Terkait dengan tuntutan dunia kerja global, minimal terdapat 10 (sepuluh) kompetensi (generik) yang harus dimiliki para pekerja global (Moran dan Riesenberger, 1994), sebagai jaminan untuk dapat bekerja dengan rasa aman dan sejahtera ketika bekerja sebagai karyawan globa, yaitu:
- Kompetensi lingkungan, yaitu kemampuan memahami lingkungan internasional – atau minima memahami kondisi lingkungan negara dimana ia ditempatkan. Dengan memahami lingkungan kerja tersebut, akan menumbuhkan ketenangan dan kedamaian dalam bekerja.
- Kompetensi analitik, yaitu kemampuan untuk menganalisis peluang pasar, persyaratan, prosedur dan mekanisme kerja di negara dimana ia ditempatkan.

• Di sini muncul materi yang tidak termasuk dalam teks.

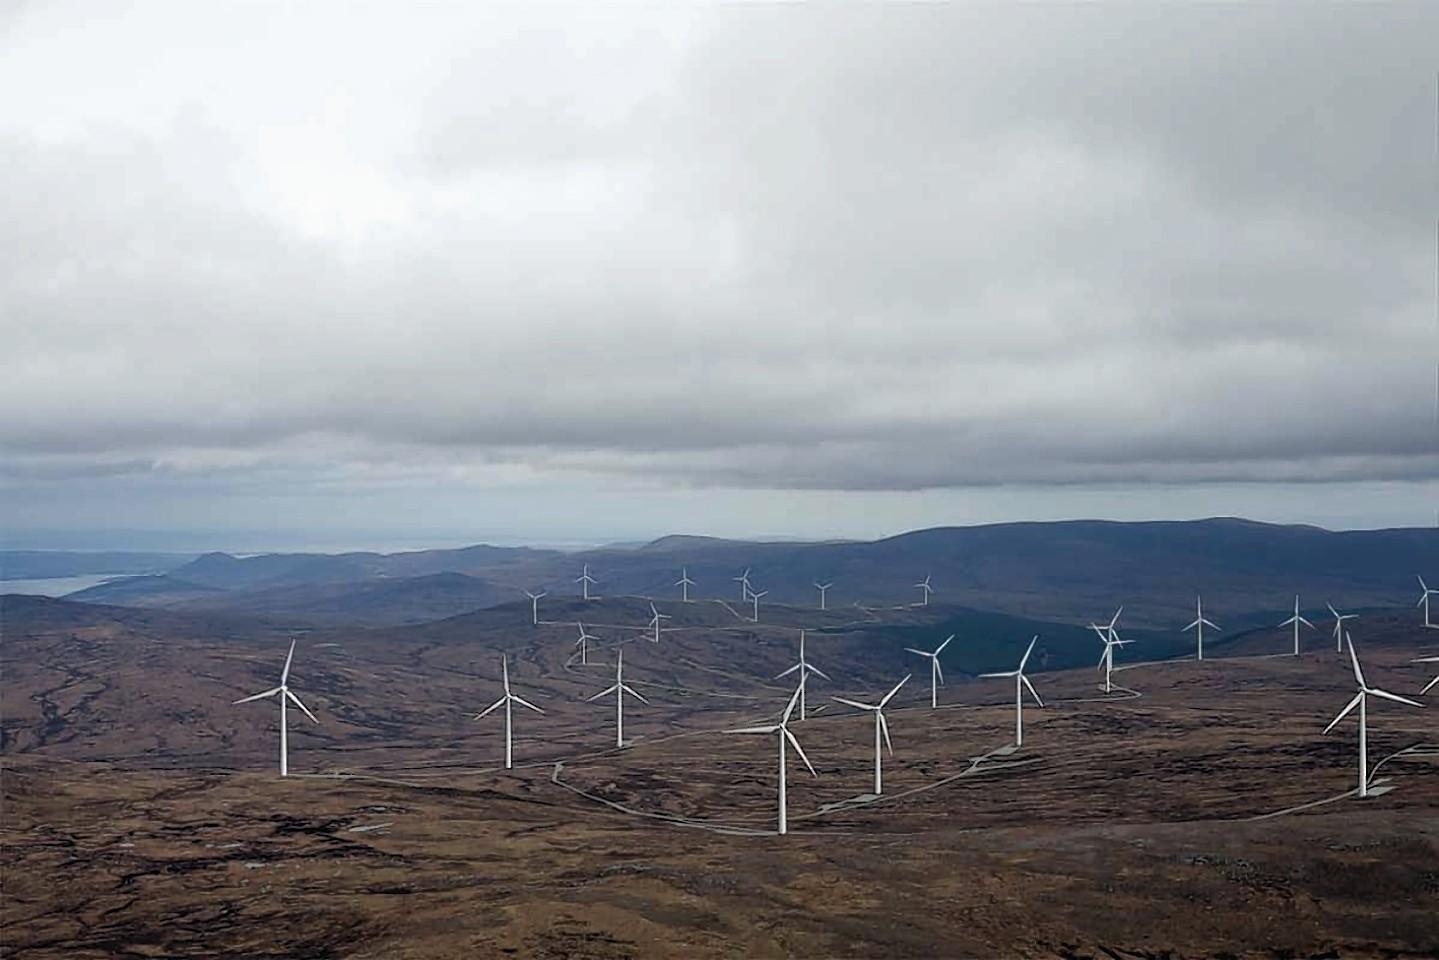 A photomontage of the Glenmorie windfarm.

Hal tersbeut dapat meminimasi kekagetan akibat adanya perubahan peraturan, maupun kebijakan makro yang sering tidak terduga. Dengan memiliki kemampuan analisis ini, minimal mempengaruhi tumbuhnya rasa aman dalam bekerja.
- Kompetensi stratejik, yaitu kemampuan menyusun dan mengambangkan stratejik didasarkan analisis ke depan dan ke belakang (backward and forward lingkges). Hal ini sangat membantu untuk memilih alternatif terbaik dalam memanfaatakn setiap peluang bagi jaminan dan kesejahteraan karyawan maupun dirinya.

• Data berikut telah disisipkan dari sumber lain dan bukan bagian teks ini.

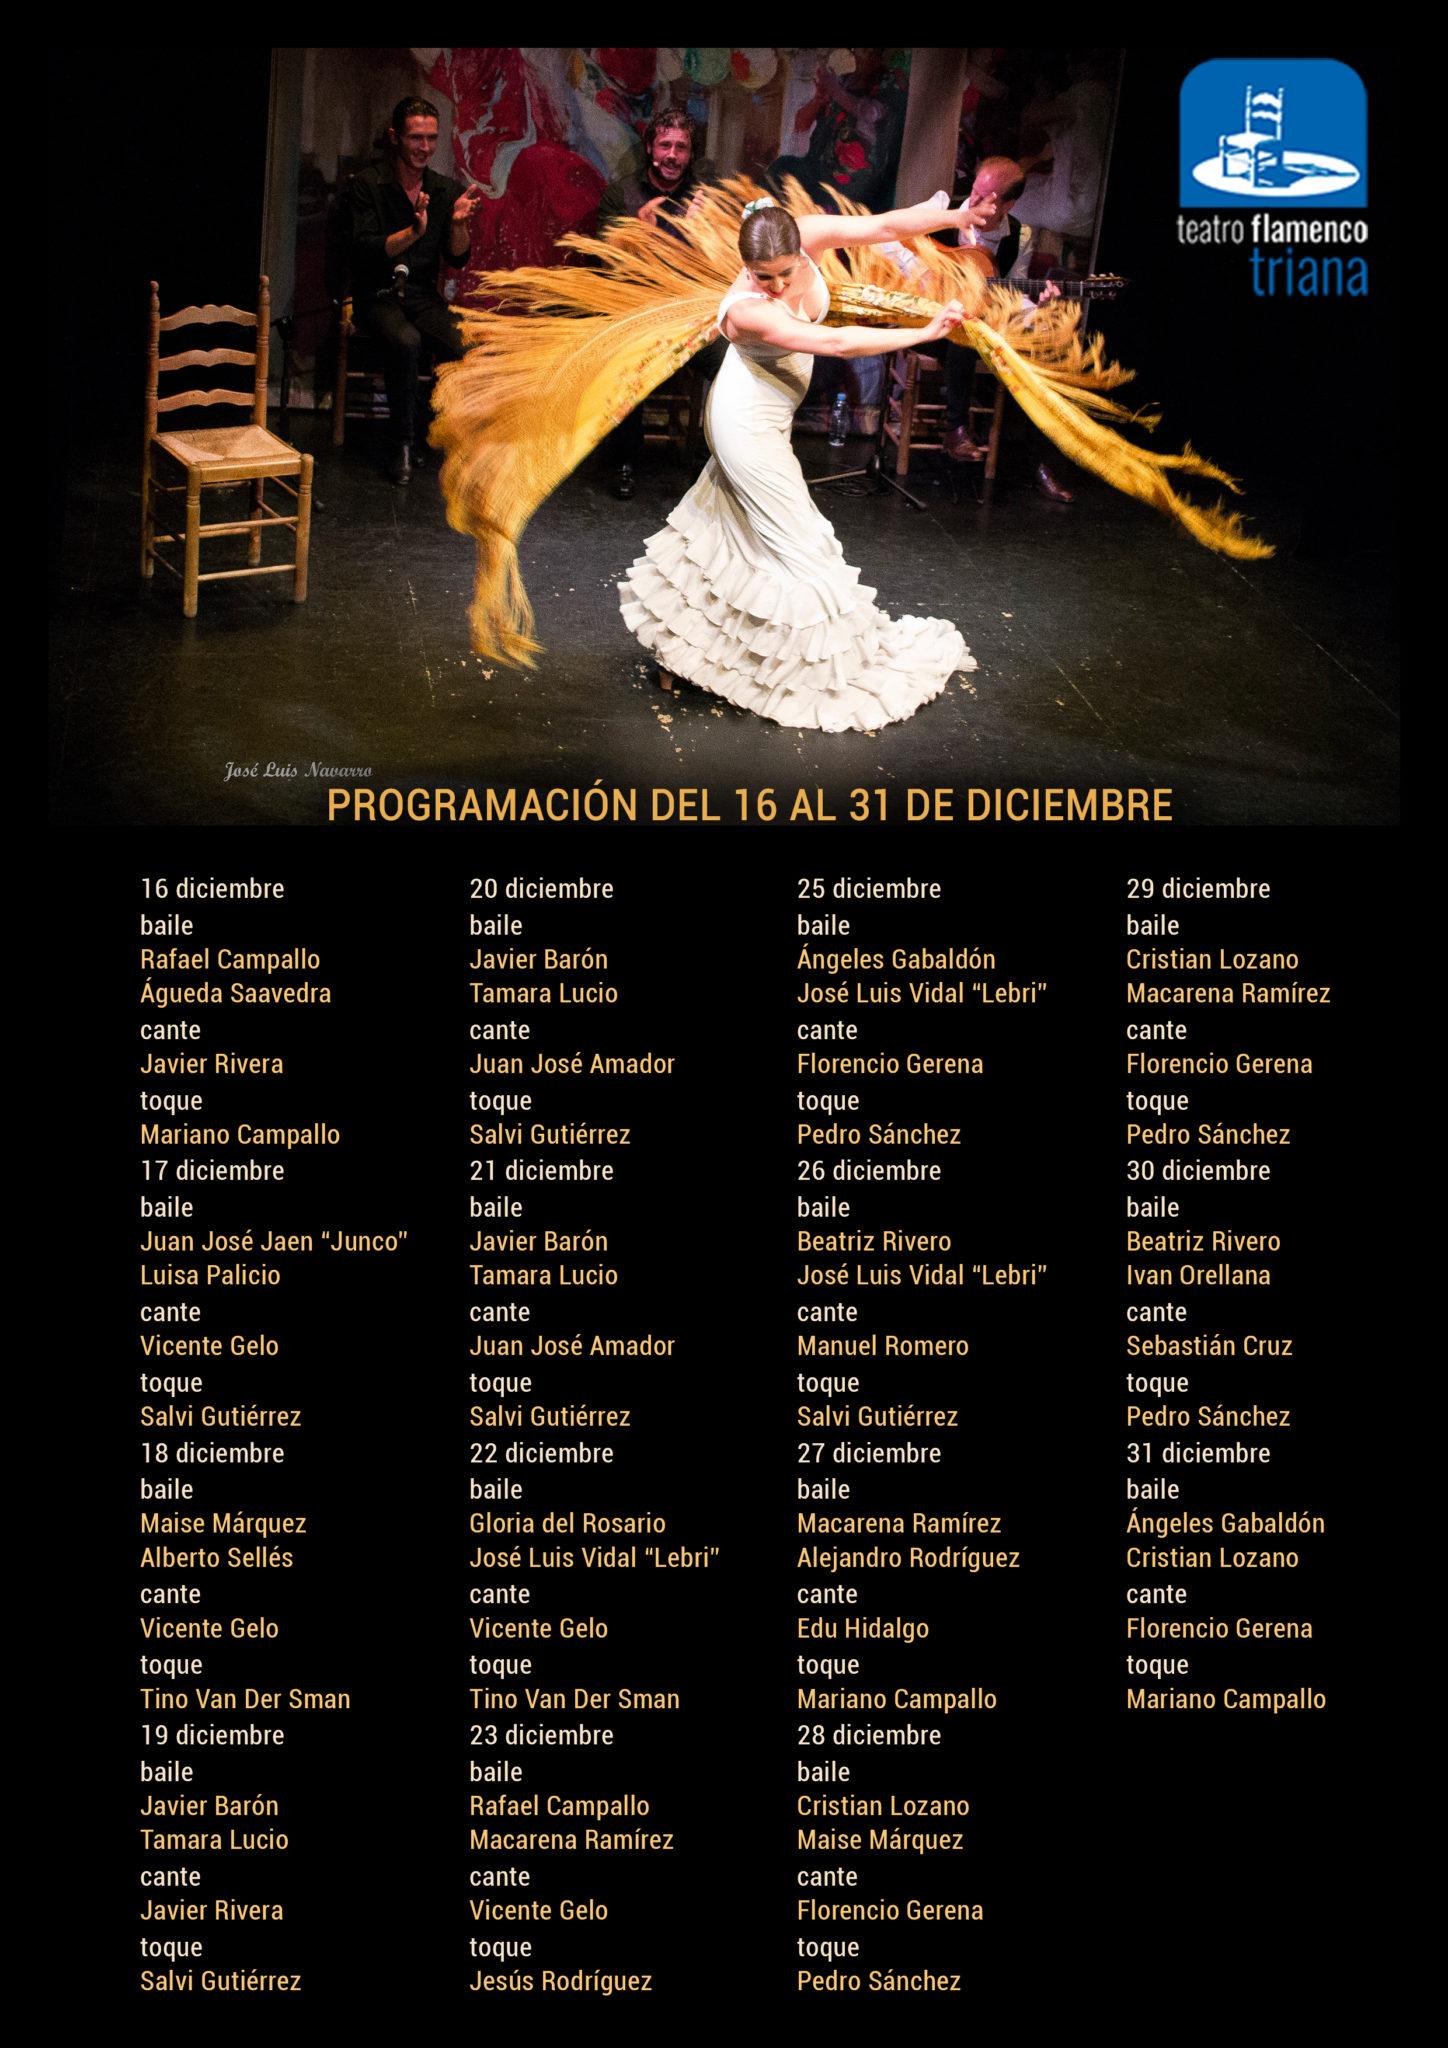 Programación Teatro Flamenco Triana

- Kompetensi fungsional, yaitu kemampuan untuk merancang program dalam mengantisipasi setiap peluang dan perubahan yang mungkin terjadi, sehingga dapat terhindar dari dampak negatif yang tidak diinginkan, atau gaji tidak dibayar. Dengan memiliki kompetensi fungsional, seorang pekerja dapat mendeteksi secara lebih dini dari akibat yang mungkin timbul di masa yang akan datang.
- Kompetensi manajerial, yaitu kemampuan untuk mengelola setiap kegiatan, baik kegiatan pemasaran, lobi, maupun negosisasi, sehingga dapat mengantisipasi dengan cepat, tepat dan meminimasi resiko. Kompetensi ini sangat penting untuk menjamin kelangsungan kerja, perpanjangan kontrak kerja maupun kesempatan untuk dapat bekerja lagi di luar negeri.
- Kompetensi profesi, yaitu kemampuan menguasai keterampilan secara profesional atau keahlian pada suatu bidang tertentu, sehingga dapat dimanfaatkan ketika mencapai purna kerja. Hal ini sangat bermanfaat selain untuk dirinya juga bagi pembangunan nasional.
- Kompetensi sosial, yaitu kemampuan untuk menyesuaikan/beradaptasi dengan suasan dan kondisi kerja di negara baru, sehingag mampu menyatu dan mengaktualisasikan diri dengan lingkungan sosial masyarakat maupun di tempat kerja setempat. Hal ini sangat bermanfaat untuk mampu memahami adat istiadat, budaya kerja, hal-hal yang boleh dan tidak boleh atau dilarang di sebuah negara atau bangsa.
- Kompetensi intelektual, yaitu kemampuan untuk mengembangkan intelektualitas dan daya nalar, yang sangat dibutuhkan agar mampu beradaptasi dengan tuntutan perubahan, perkembangan ilmu, kemajuan masyarakat dan sebagainya.
- Kompetensi individu, yaitu kemampuann untuk mengarahkan dan menggunakan keunggulan yang dimilikinya, baik keunggulan yang terkait dengan ilmu pengetahuan dan teknologi maupun talenta-talenta lain yang dimilikinya.
- Kompetensi perilaku (behavior), yaitu kemampuan untuk bersikap terbuka (transaparan) dan objektif da;am melaksanakan tugas pokok dan fungsi jabatannya, baik sebagai manajemen atau karyawan global.
Disarikan dari buku: Knowledge Management dalam Konteks Organisasi Pembelajar, Penulis: Jann Hidayat Tjakraatmadja, Donald Crestofel Lantu, Hal: 29-34.